If pictures appear among the lines below, leave them out while you return exactly the lines from the one with "Zara owner accelerates" through the one with "Banded-mongoose-on-patrol Zimbabwe".

DATA PROVIDED:
▬▬▬▬▬▬

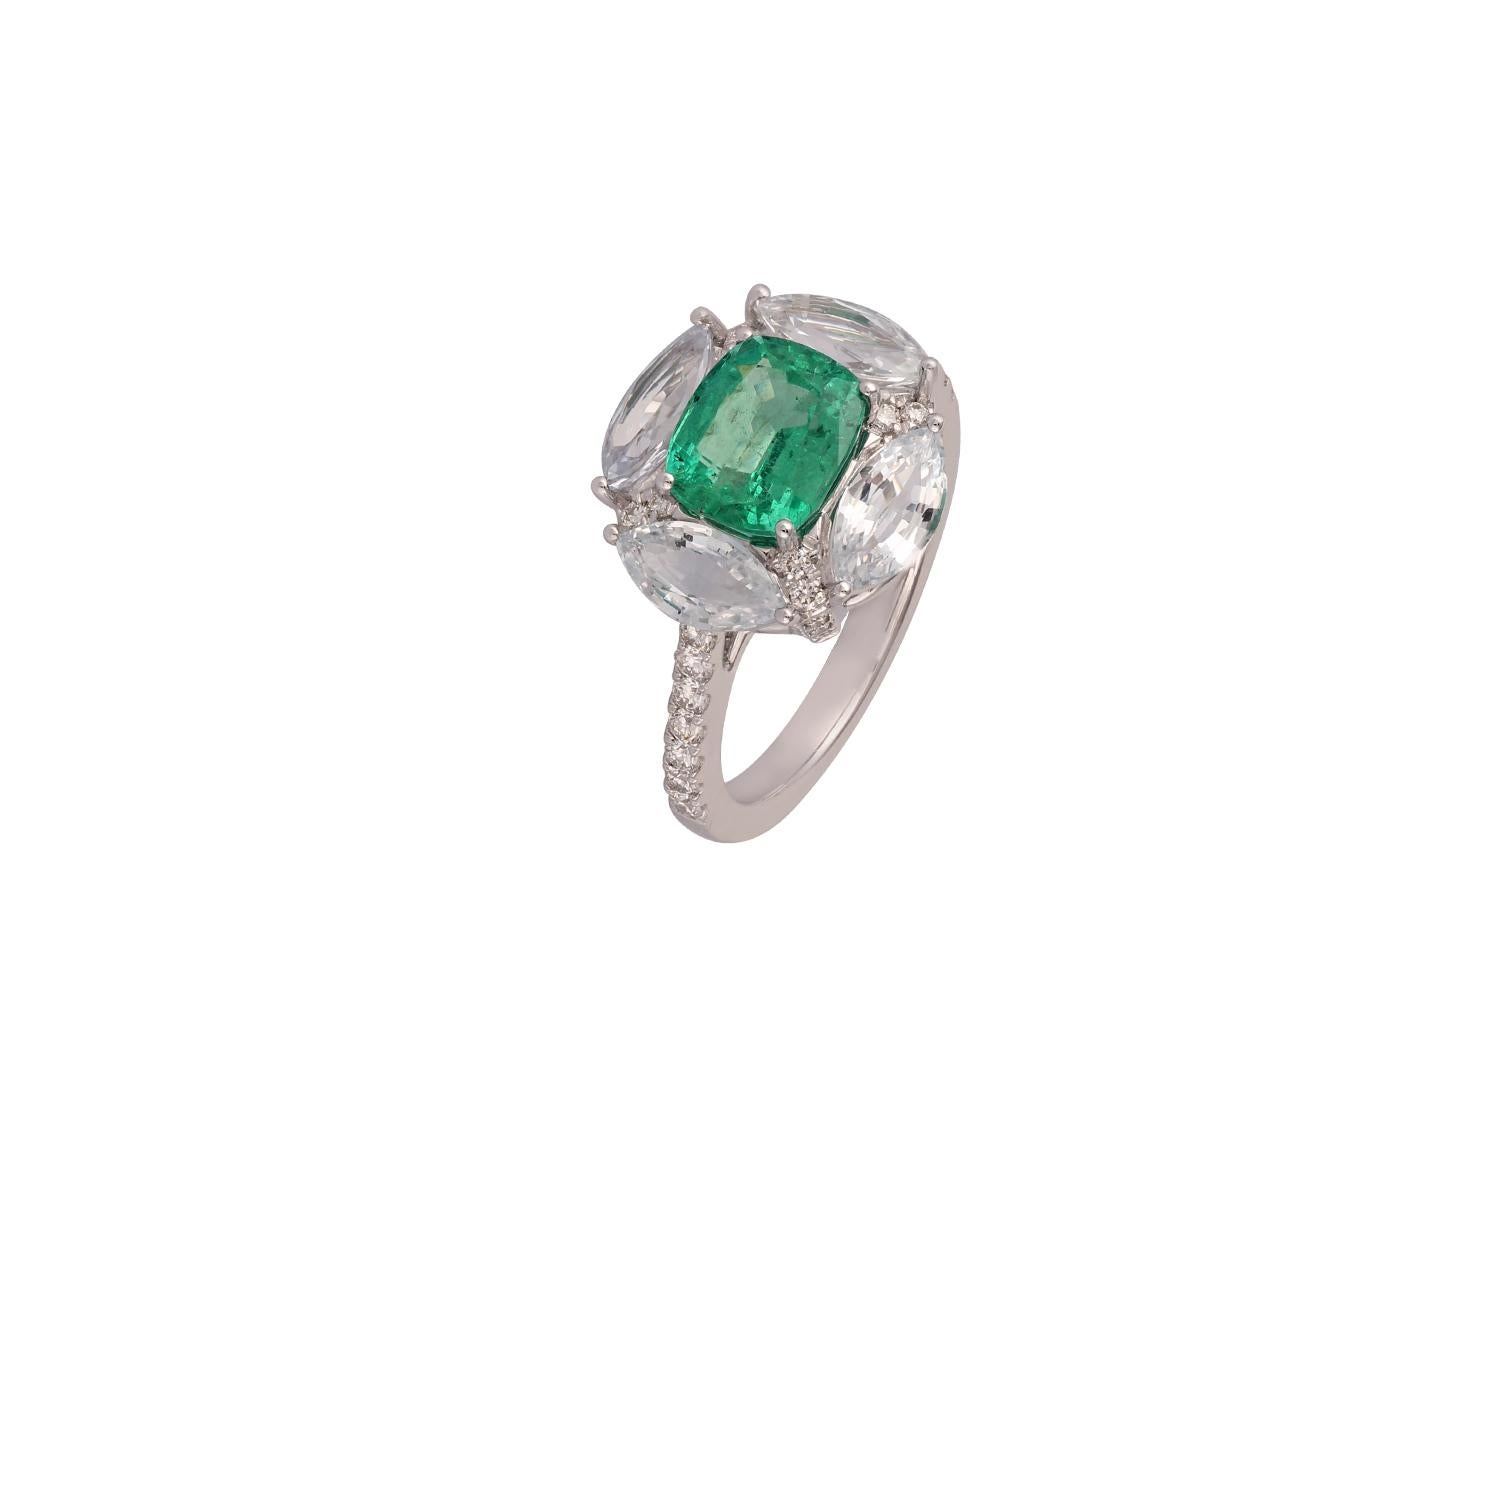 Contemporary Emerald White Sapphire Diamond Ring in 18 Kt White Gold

▬▬▬▬▬▬

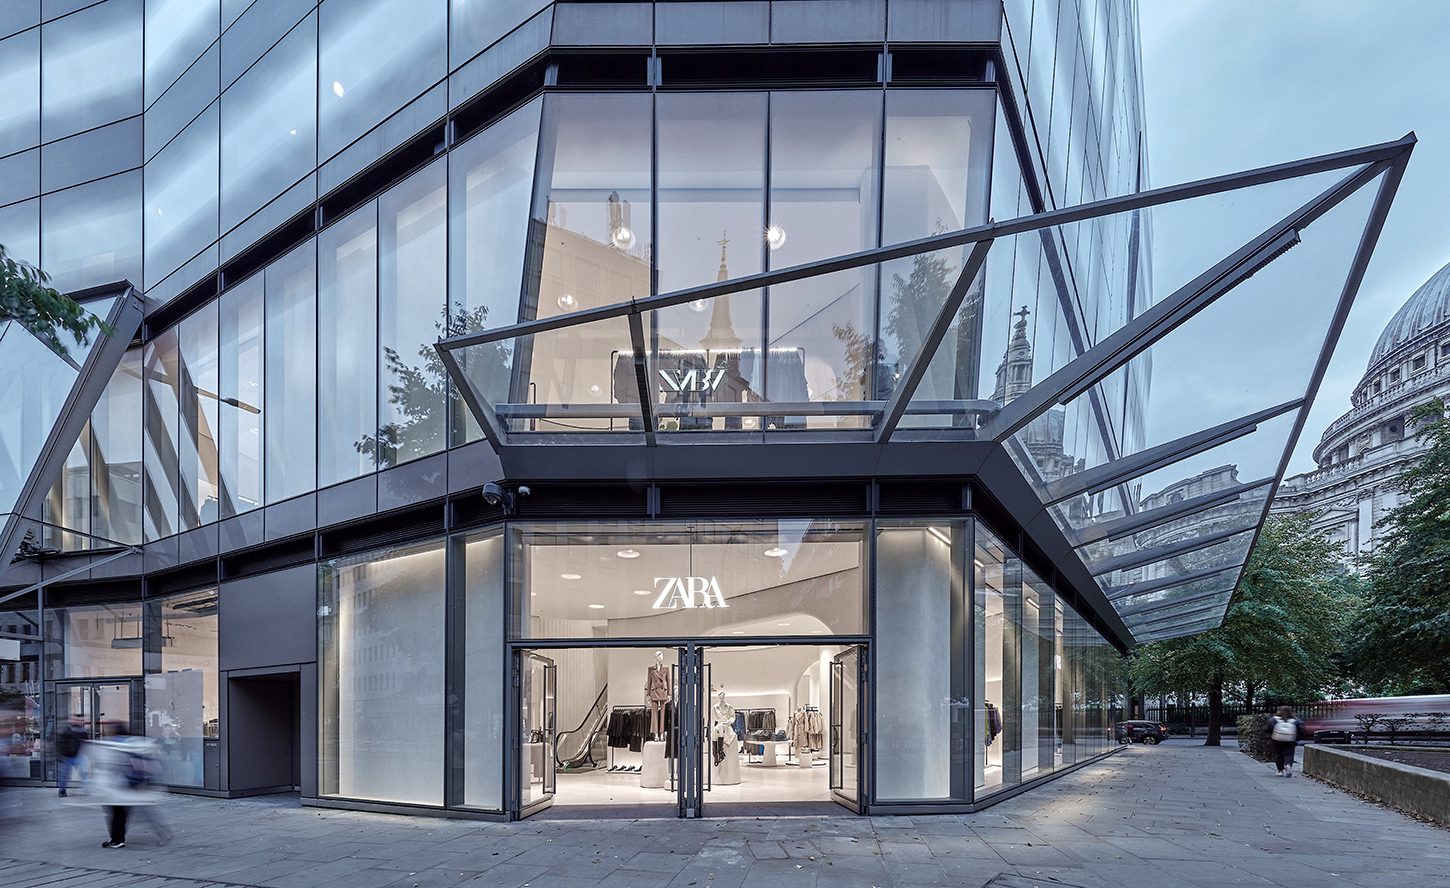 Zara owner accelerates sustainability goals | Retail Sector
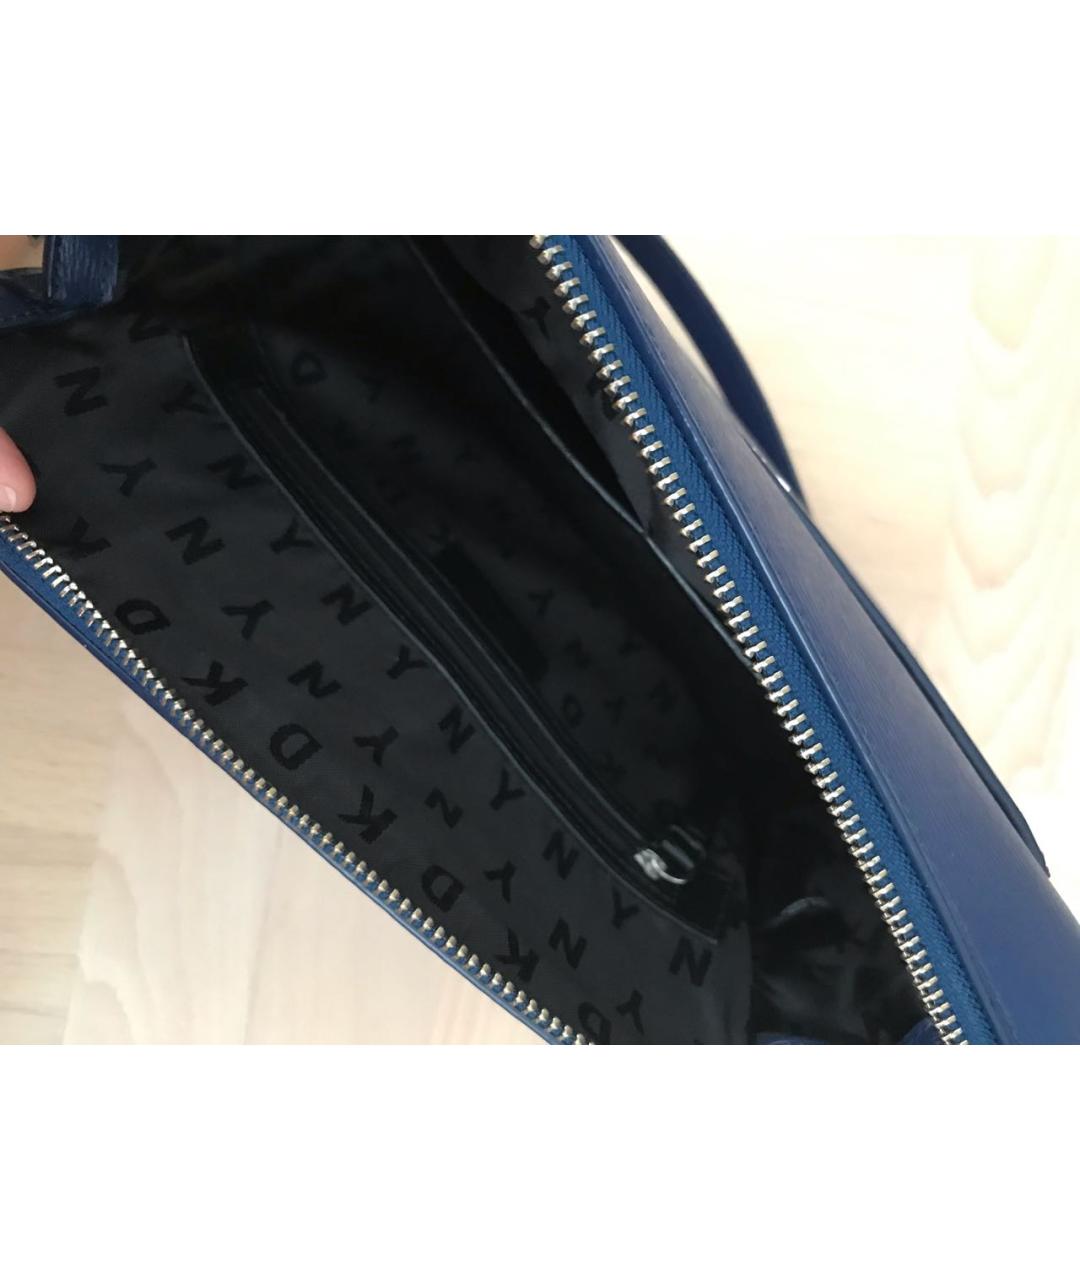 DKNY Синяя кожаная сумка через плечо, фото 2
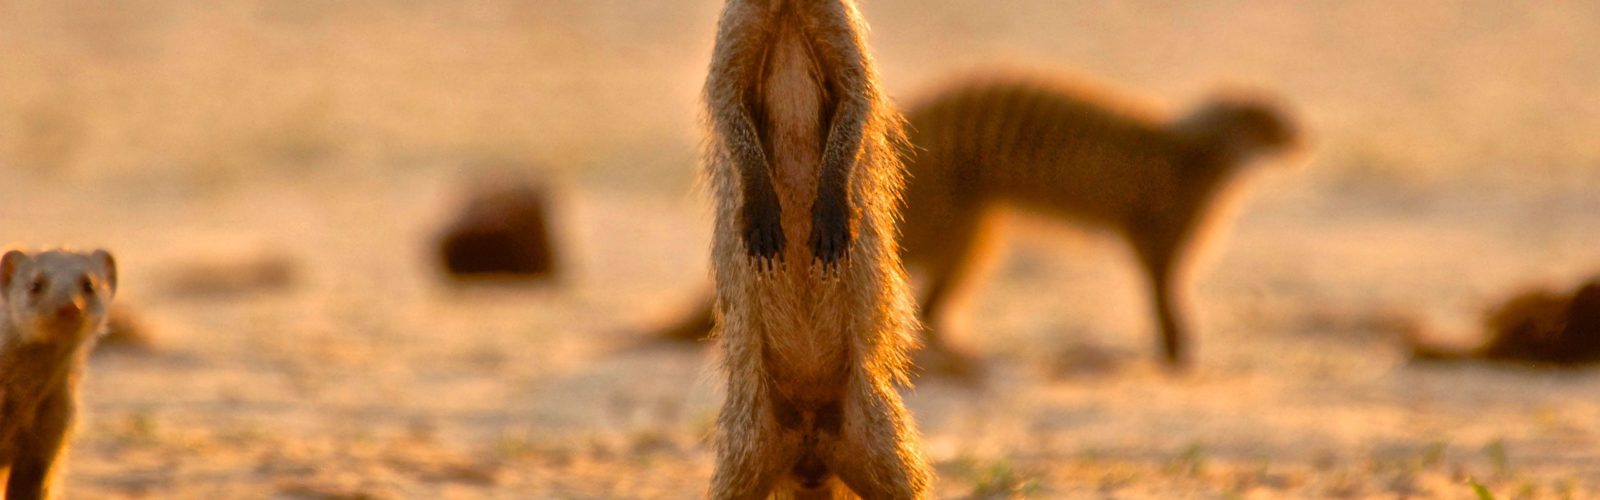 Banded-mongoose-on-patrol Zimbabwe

▬▬▬▬▬▬

OUTPUT OF THE EXERCISE:
 Zara owner accelerates sustainability goals | Retail Sector
 DKNY Синяя кожаная сумка через плечо, фото 2
 Banded-mongoose-on-patrol Zimbabwe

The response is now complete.